Diana M. Teran, under appointment by the Court of Appeal, for Defendant and Appellant.

Edmund G. Brown Jr., Attorney General, Dane R. Gillette, Chief Assistant Attorney General, Pamela C. Hamanaka, Assistant Attorney General, Victoria B. Wilson and Ryan M. Smith, Deputy Attorneys General, for Plaintiff and Respondent.

DOI TODD, Acting P. J.

Appellant Jose Flores appeals from a judgment entered after the jury found him guilty of first degree murder. (Pen. Code, § 187, subd. (a).) The jury also found true the allegations that appellant personally and intentionally discharged a firearm causing great bodily injury and death (§ 12022.53, subd. (d)), personally used a firearm (§ 12022.53, subd. (b)), personally and intentionally discharged a firearm (§ 12022.53, subd. (c)), and was personally armed with a firearm. (§ 12022, subd. (a)(1).)

All further statutory references are to the Penal Code.

CONTENTIONS

Appellant contends that: (1) the trial court erred by refusing to instruct on the lesser included offense of manslaughter based on a theory of heat of passion; and (2) the trial court erred when it responded to the jury’s question about premeditation without attempting to understand how it could best assist the jury.
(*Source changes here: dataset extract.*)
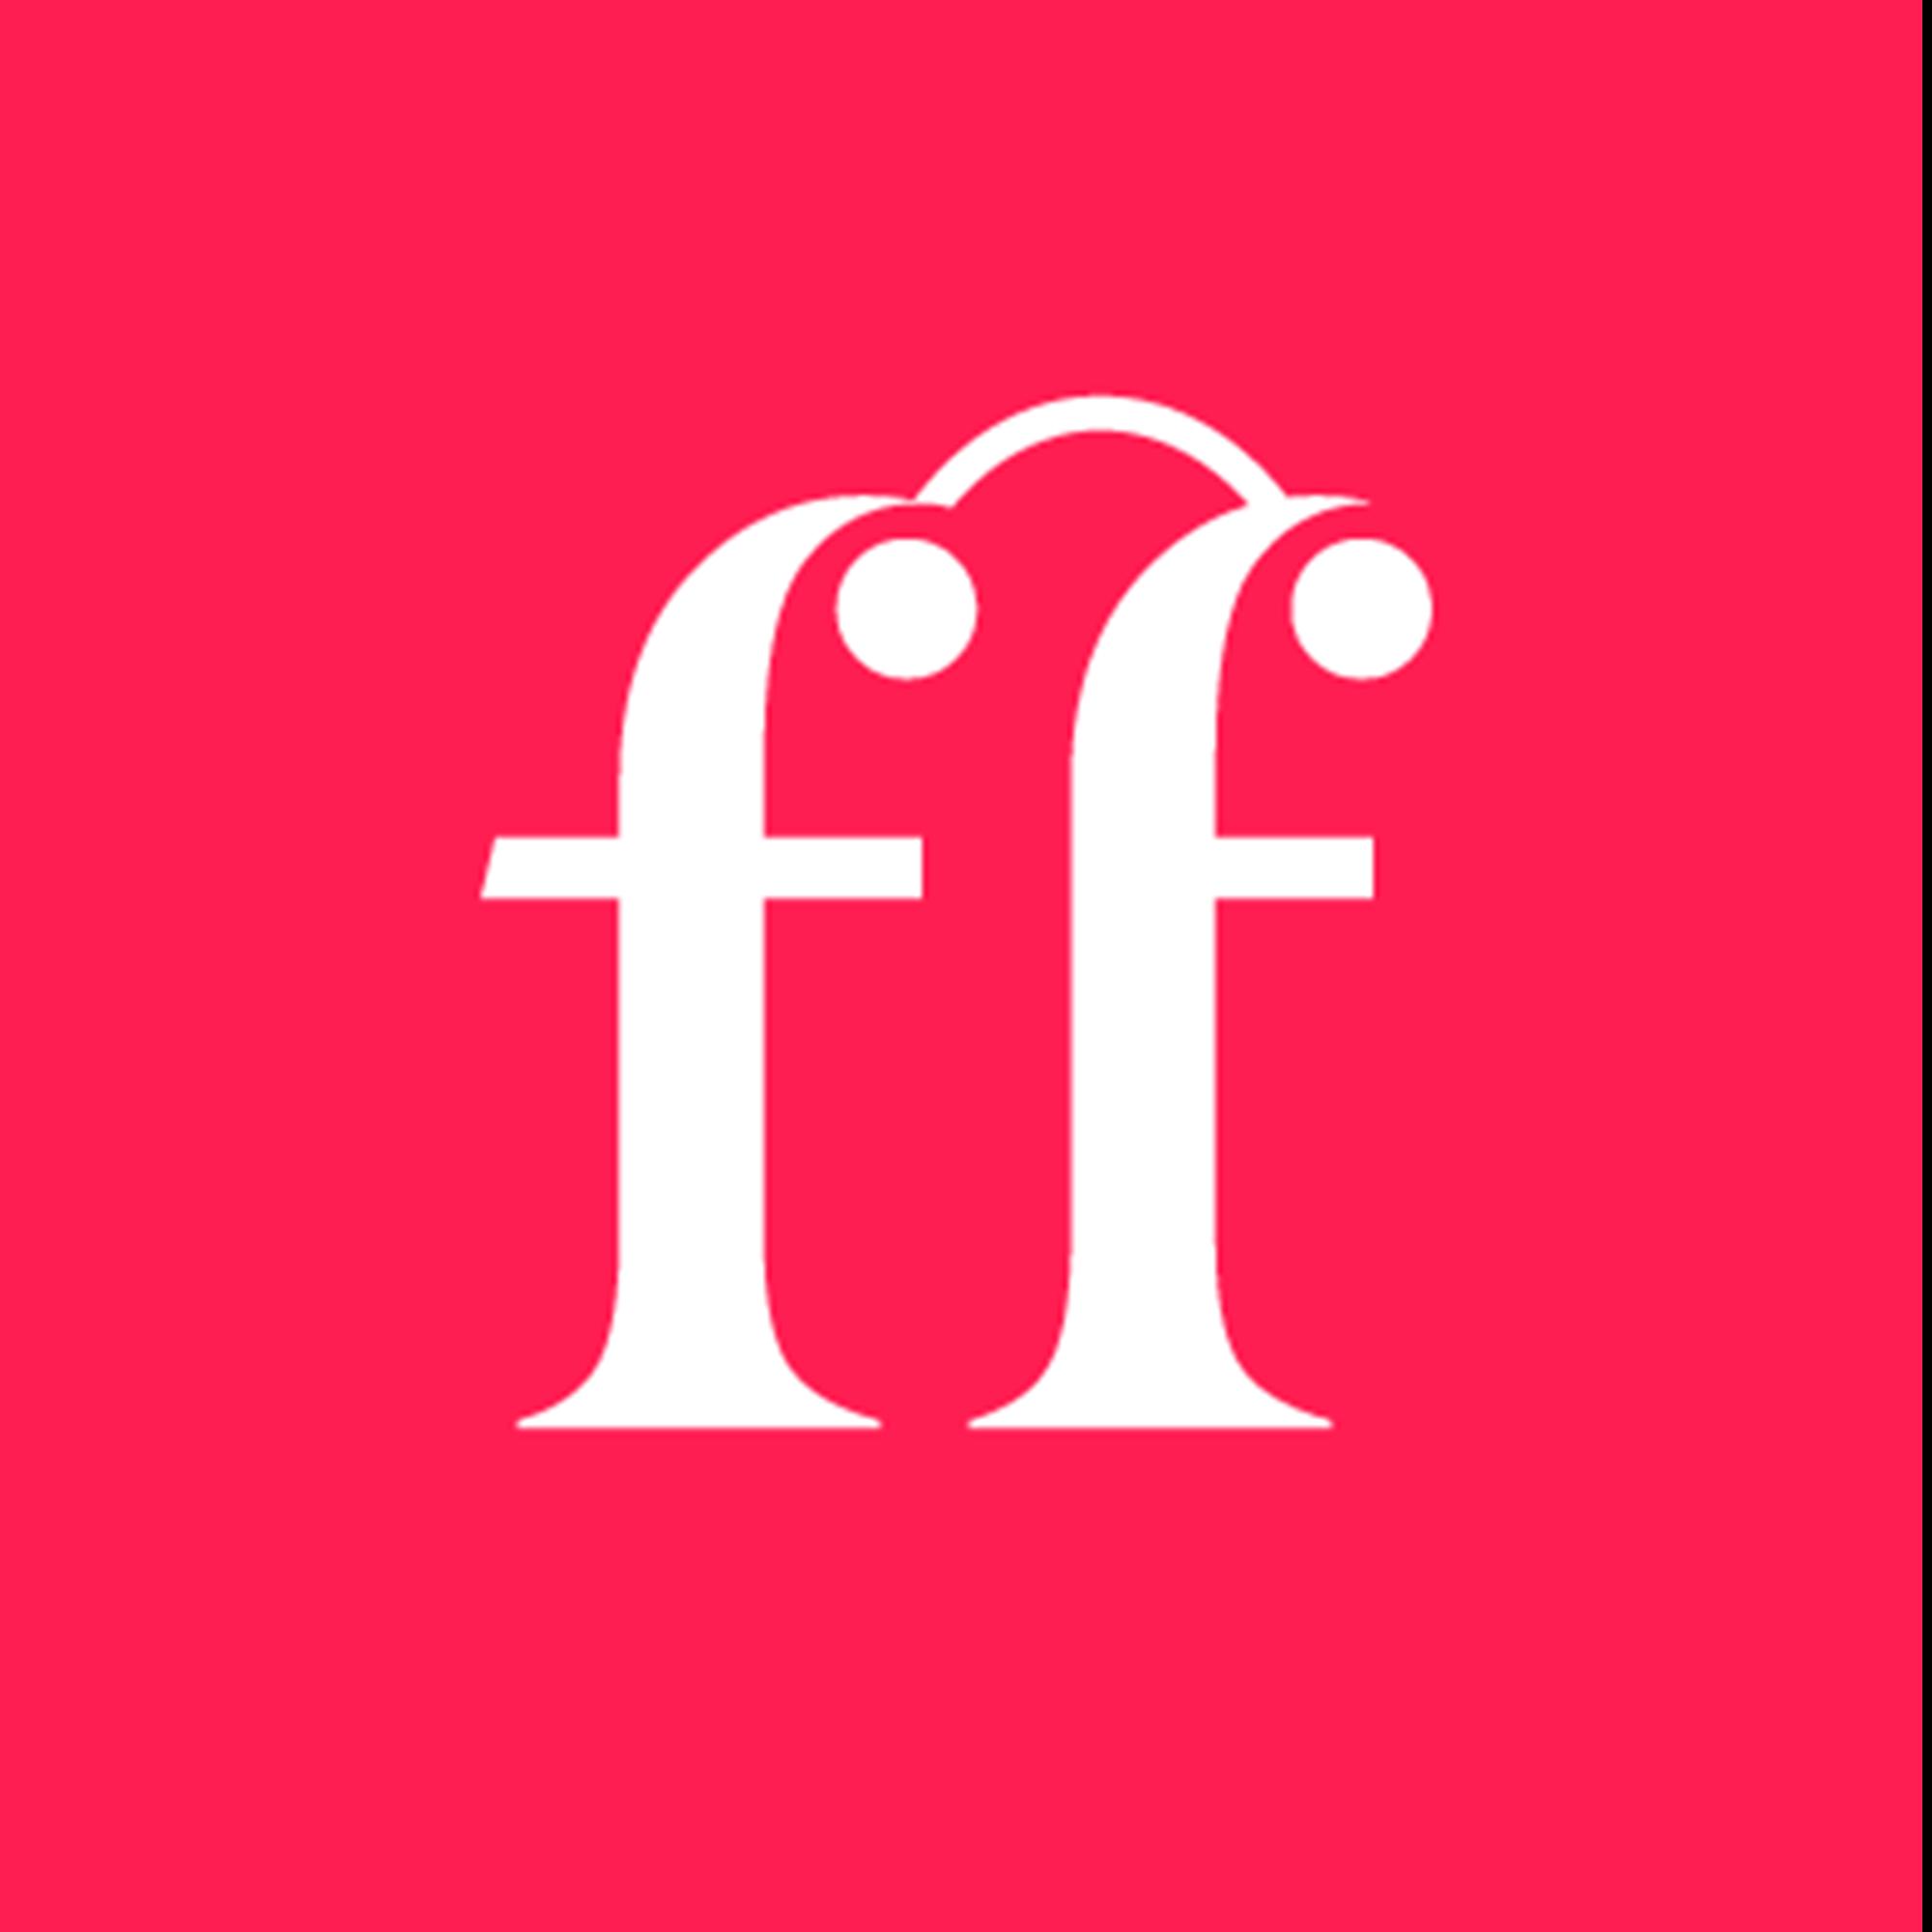 Framesfoundry logo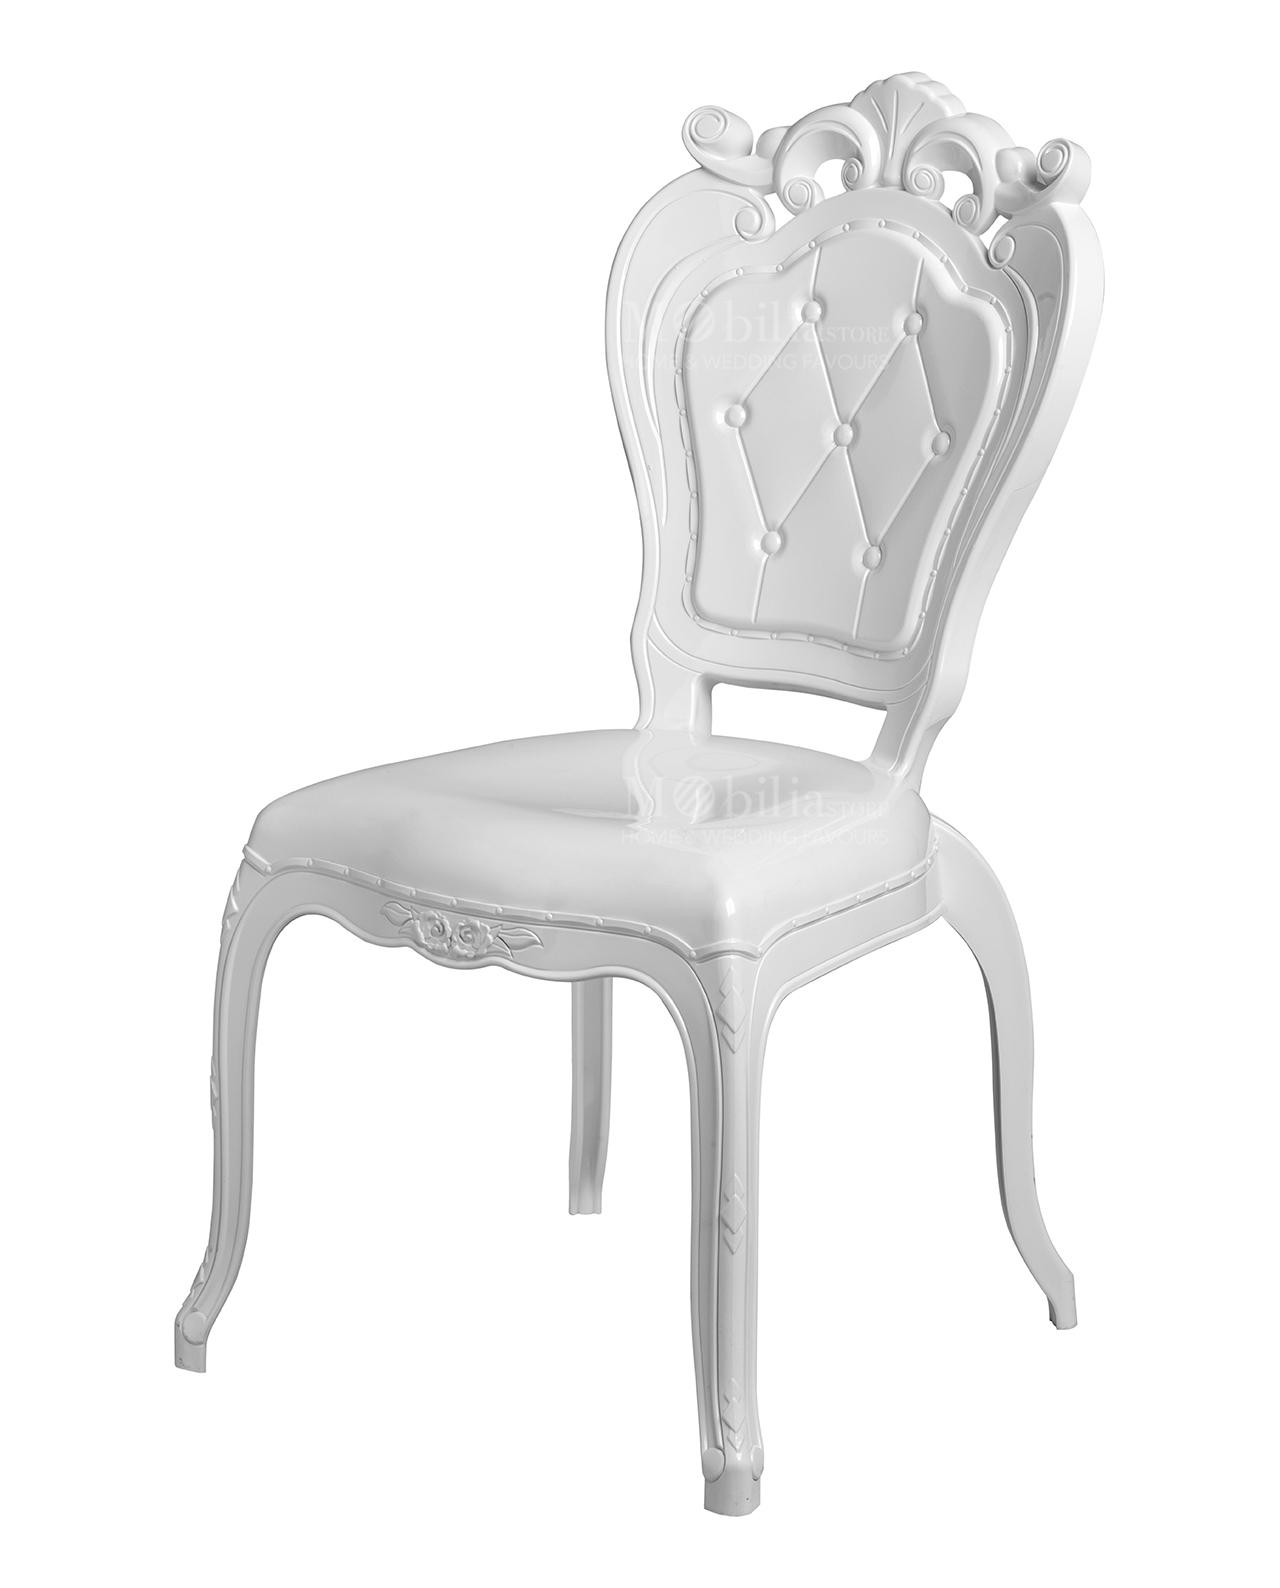 Sedia policarbonato trapuntina bianca brandani mobilia for Mobilia outlet

FACTS AND PROCEDURAL HISTORY

In May 2005, Denise Quepones (Quepones) lived with her three children and appellant in the City of La Puente. Quepones had been in a relationship with appellant for eight months. Appellant broke Quepones’s cell phone because he did not want her to talk to anybody else. He also made her quit her job as a stripper. Quepones had been separated for three years from her husband Julian Toban (Toban), who was the father of her three children. Quepones told appellant two or three times, that she had left Toban because he physically abused her. Quepones believed that Toban sometimes carried a pocket knife. She never told appellant that Toban carried a gun.

On May 20, 2005, Toban and Quepones agreed to meet at a restaurant to talk about a divorce and child support. Quepones had not seen Toban in the past year. Quepones told appellant that she was going to meet Toban, and appellant insisted on accompanying her. When they arrived at the restaurant, Quepones asked appellant if he wished to join them in the restaurant but appellant said he preferred to stay in the car. When Quepones and Toban came out of the restaurant, appellant suggested that they see his attorney friend to talk about the divorce. Toban agreed and suggested they all go in Quepones’s car. Appellant jumped over the center console, and sat in the back. Toban sat in the front passenger seat and Quepones drove. Appellant asked Quepones to turn down the radio volume. Quepones could hear appellant moving around in the back. She and Toban began arguing, and Toban began cursing at her, but he did not strike her or attempt to strike her. Using vulgar language, appellant told Toban not to talk to Quepones that way, then shot Toban in the back several times. Appellant grabbed Toban and tilted him back. Quepones could hear sounds of someone being punched. Appellant told Quepones to take the next off-ramp. He then climbed onto the middle console, unbuckled Toban’s seatbelt, opened the car door, and threw him out the door.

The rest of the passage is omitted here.